STBinaryExpression class

from: input startingWith: start
" binaryExp = unaryExp binaryMessage+ "
^input 
   match: STUnaryExpression
   and:   [input matchOneOrMore: STBinaryMessage action: [: r | r ]]
   action: [:list | 
      self new
         unaryExpression: list first
      ;  binaryMessages: list second]

Example 4: Parse nodes (STBinaryExpression,STUnaryExpression etc) as sub-parsers, showing the implementation of the STBinaryExpression sub-parser.

MEPS Regular Expressions.

The next section provides an example of how to implement a complete grammar. Our example will be the parsing of expressions in the regex parser which is included with MEPS. MEPS regular expressions can integrated with MEPS as in example 1(c).

regex 		= branch [ '|' branch ]*
branch 		= piece+
piece 		= atom ['*' | '+' | '?']
atom 		= bracketExp | dot | any | parenExp | escape | specialChar
bracketExp 	= '[' (['^'] (range | any | escape | specialChar)+ ']'
range		= anychar '-' anychar
dot 		= '.'
anychar		= any character except . [ ] $ ^ ( ) | \
parenExp 	= '(' regex ')'
escape 		= '\' ascii-character
specialChar 	= '^' | '$'

Example 5: Grammar of MEPS regular expressions.

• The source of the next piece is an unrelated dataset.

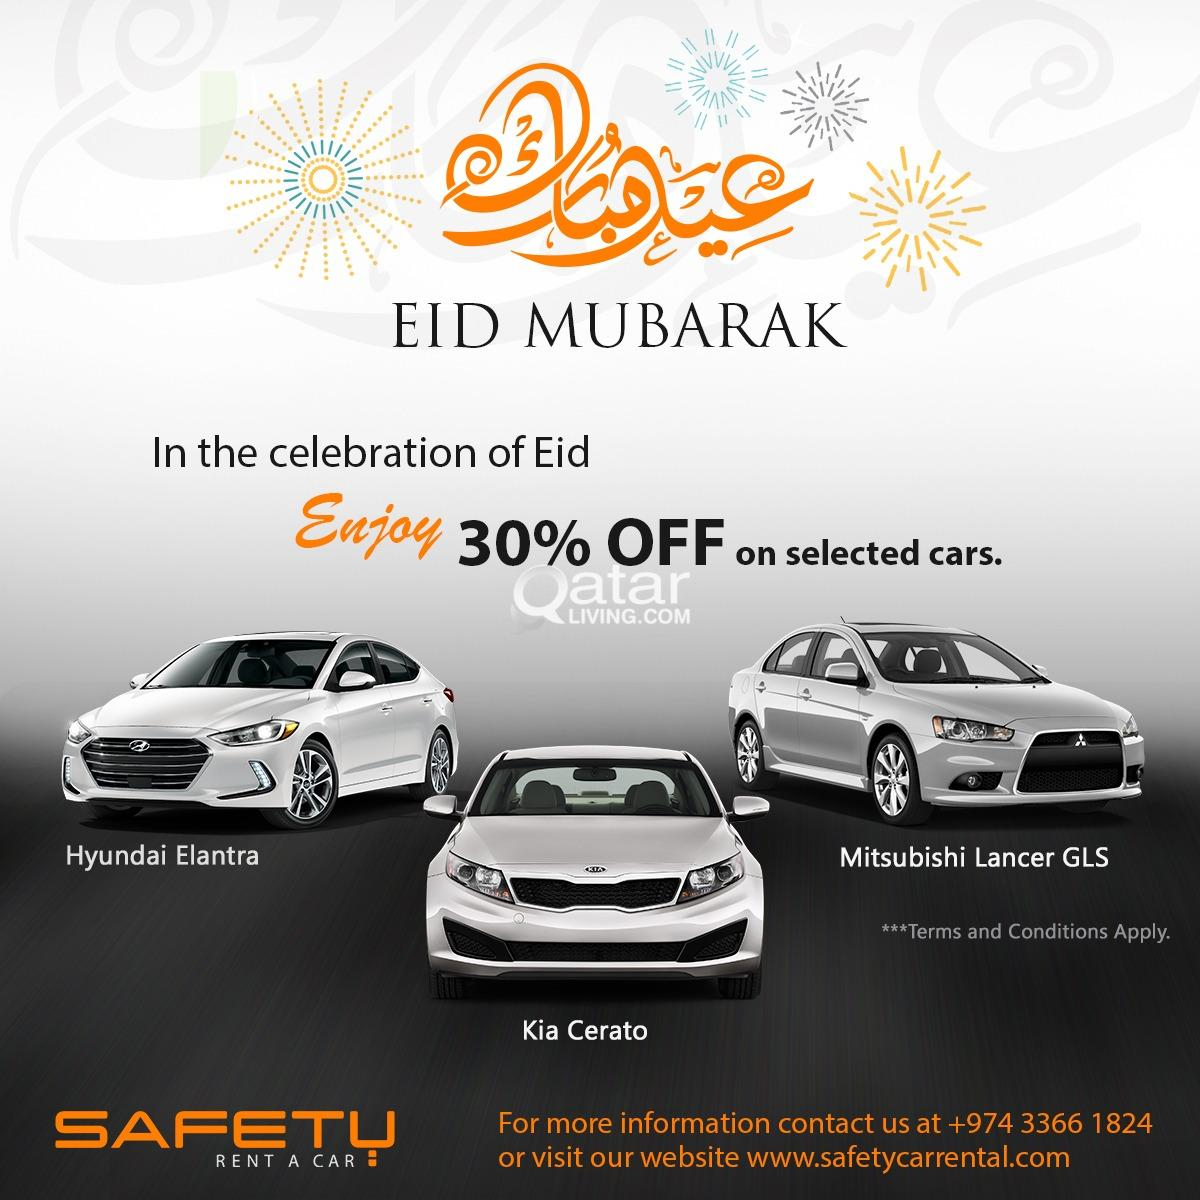 Get 30% off in celebration of Eid al-Fitr from Saf
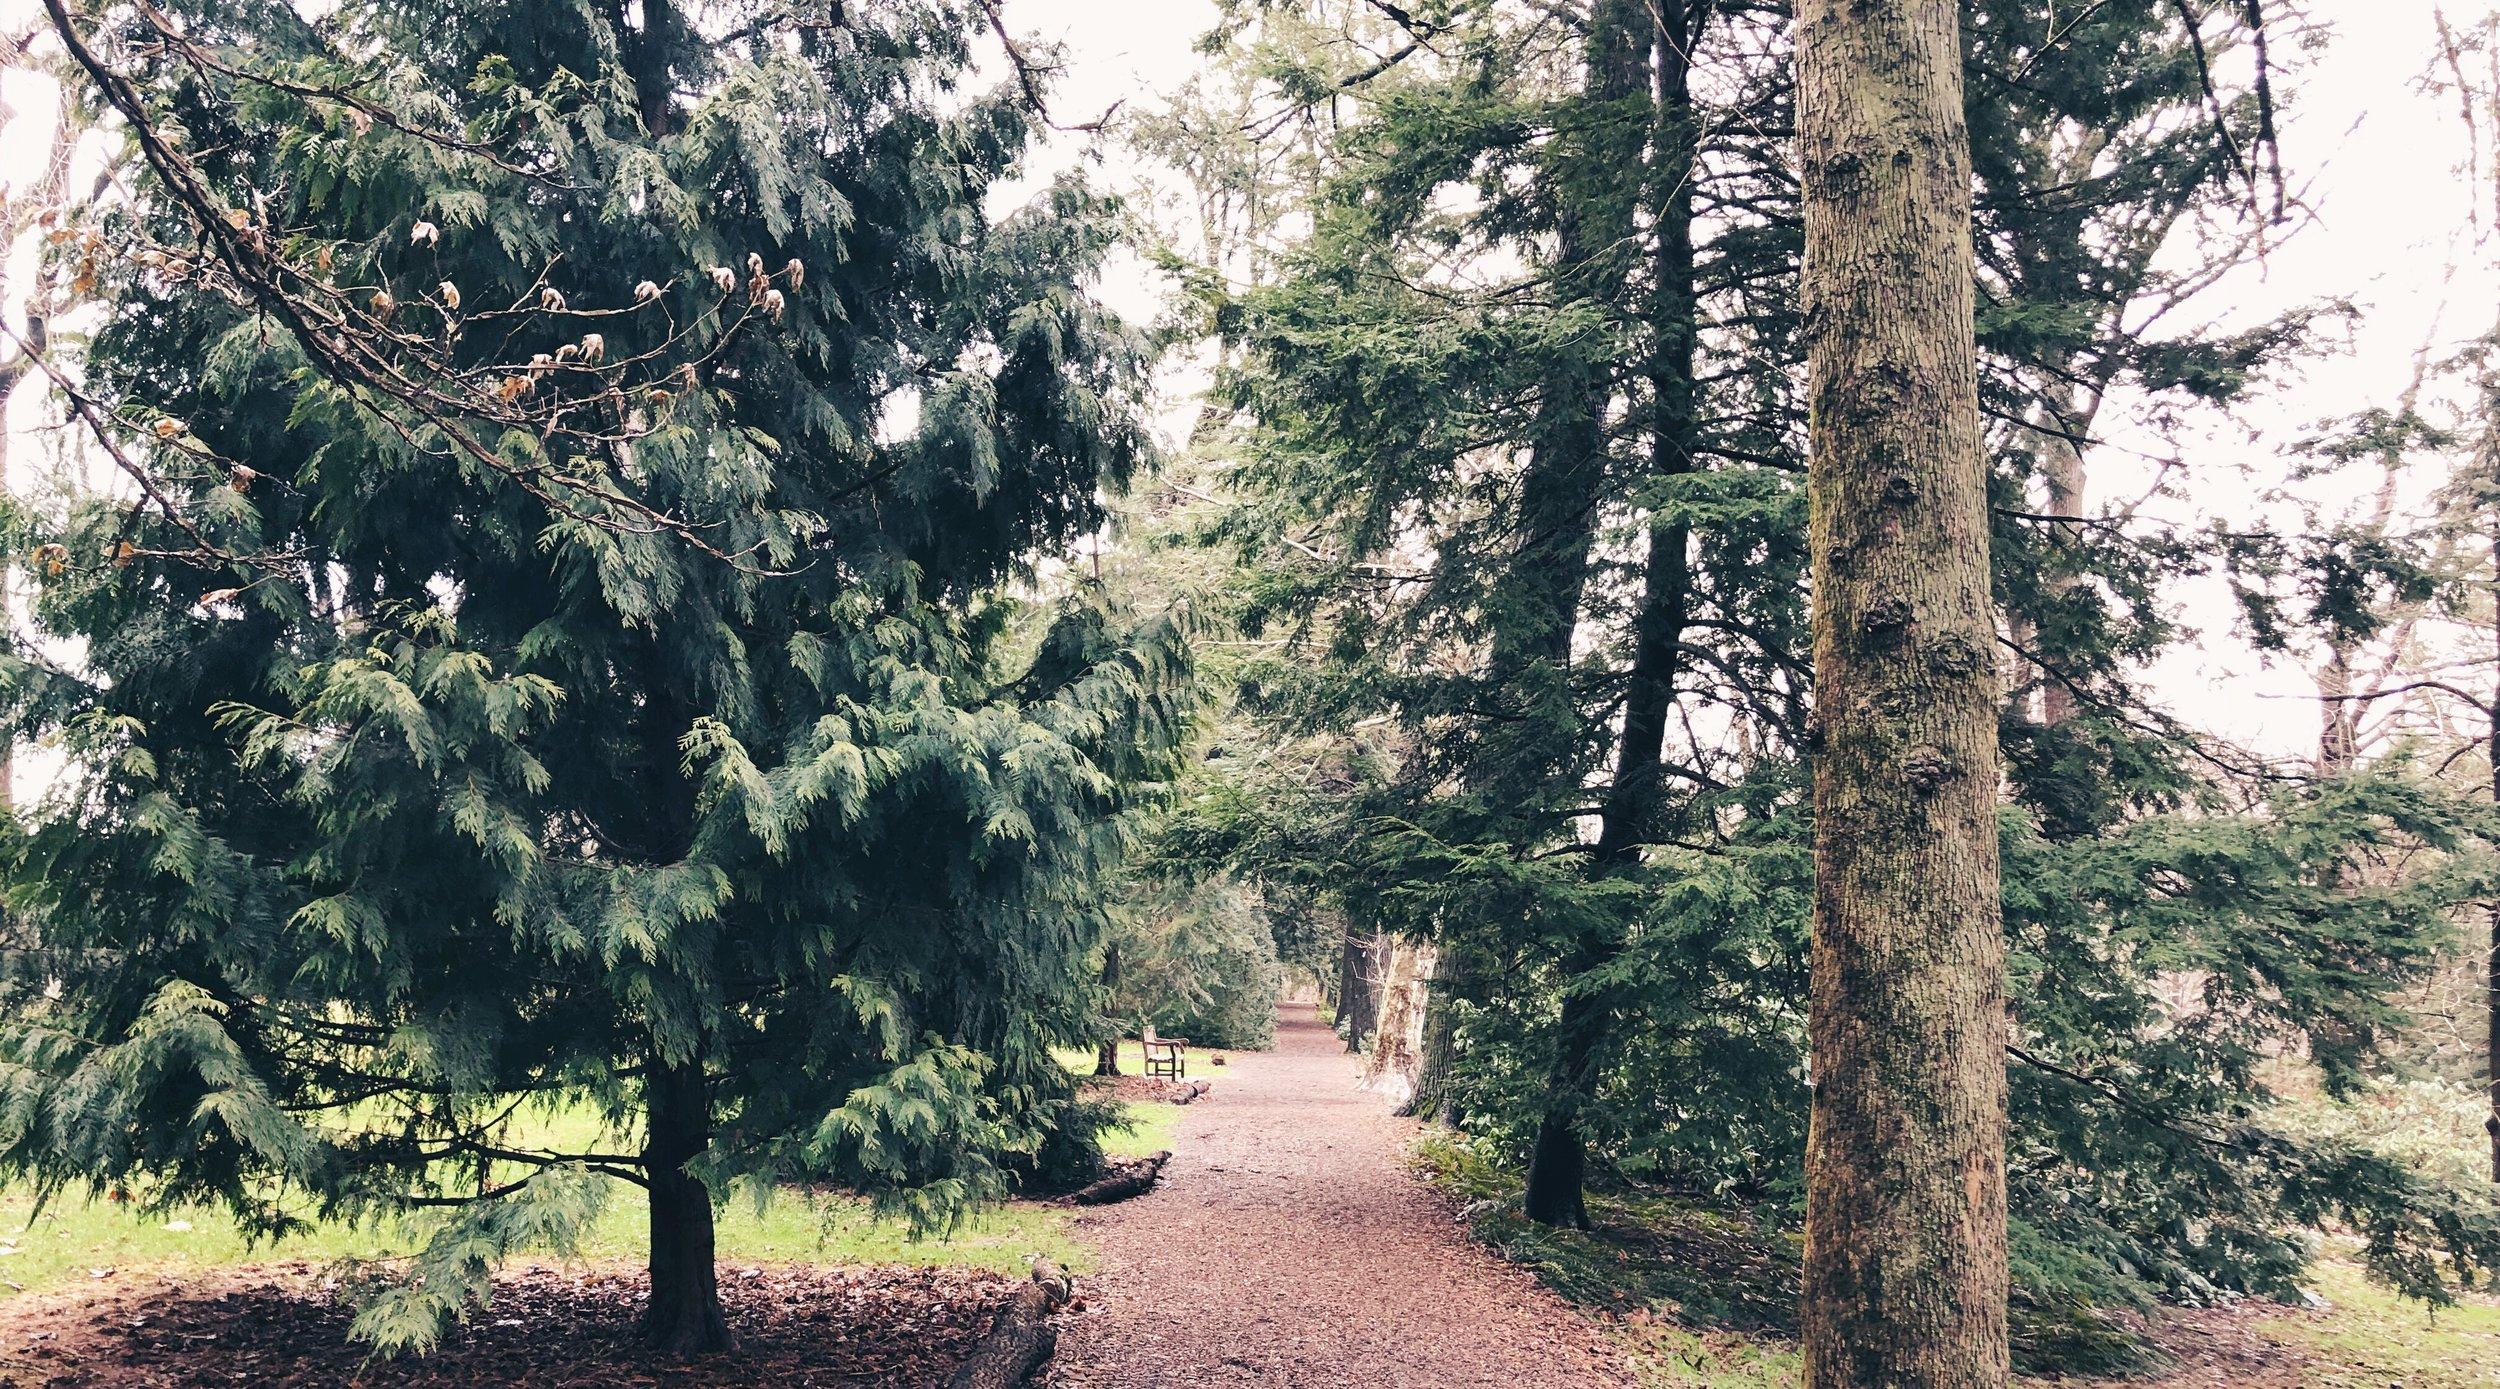 longwood-gardens-forest-nora-knox.jpeg

Each production is represented by an object:

RxNode
   Regex
   RxAtom
      RxBracket
      RxCharacter
         RxAny
	 RxDot
	 RxEscape
	 RxSpecialCharacter
      RxParen
   RxBranch
   RxPiece
   RxRange

Example 6: Class Hierarchy of the MEPS regular expression objects

Finally, here is the class-side parse for each node. (Note that these objects also implement #from:startingWith: on the instance side so that compiled expressions can be used as sub-parsers with MEPS.


Regex class 
from: input startingWith: s 

" regex = branch [ '|' branch ]* "
   ^input 
	matchOneOrMore: RxBranch
	separatedBy: $|
	action: [:list | self new branches: list]

RxBranch class from: input startingWith: s " branch = piece+ " ^input matchOneOrMore: RxPiece action: [:list | self new pieces: list]
RxBracket class (see example 3)
RxRange class from: input startingWith: s " anychar = any character except . [ ] $ ^ ( ) | \ " ^input match: [(RxAny from: input) ifNotNilDo: [:f | f isCharacter ifTrue: [f]]] and: $- and: [(RxAny from: input) ifNotNilDo: [:t | t isCharacter ifTrue: [t]]] action: [:list | (self new) r1: list first ; r2: list last]
RxDot class from: input startingWith: c " dot = '.' " ^input match: $. action: [:x | RxDot new]
RxAny class from: input startingWith: c ^input match: [ input atEnd ifTrue:[^nil] . ('[]$^()|\' includes: c) ifFalse:[input next]] action:[ : r | self new characters: r asString]
RxParen class from: input startingWith: s " parenExp = '(' regex ')'" ^input match: $( and: Regex and: $) action: [:list | self new exp: list second]
RxEscape class from: input startingWith: s " escape = '\' ascii-character " ^input match: $\ and: [input atEnd ifFalse: [input next]] action: [:list | self new character: list second]
RxSpecialCharacter class from: input startingWith: s " specialChar = '^' | '$' " ^input match: $^ or: $$ action: [:c | self new character: c ]

Example 7: Class side parsing of regular expression nodes.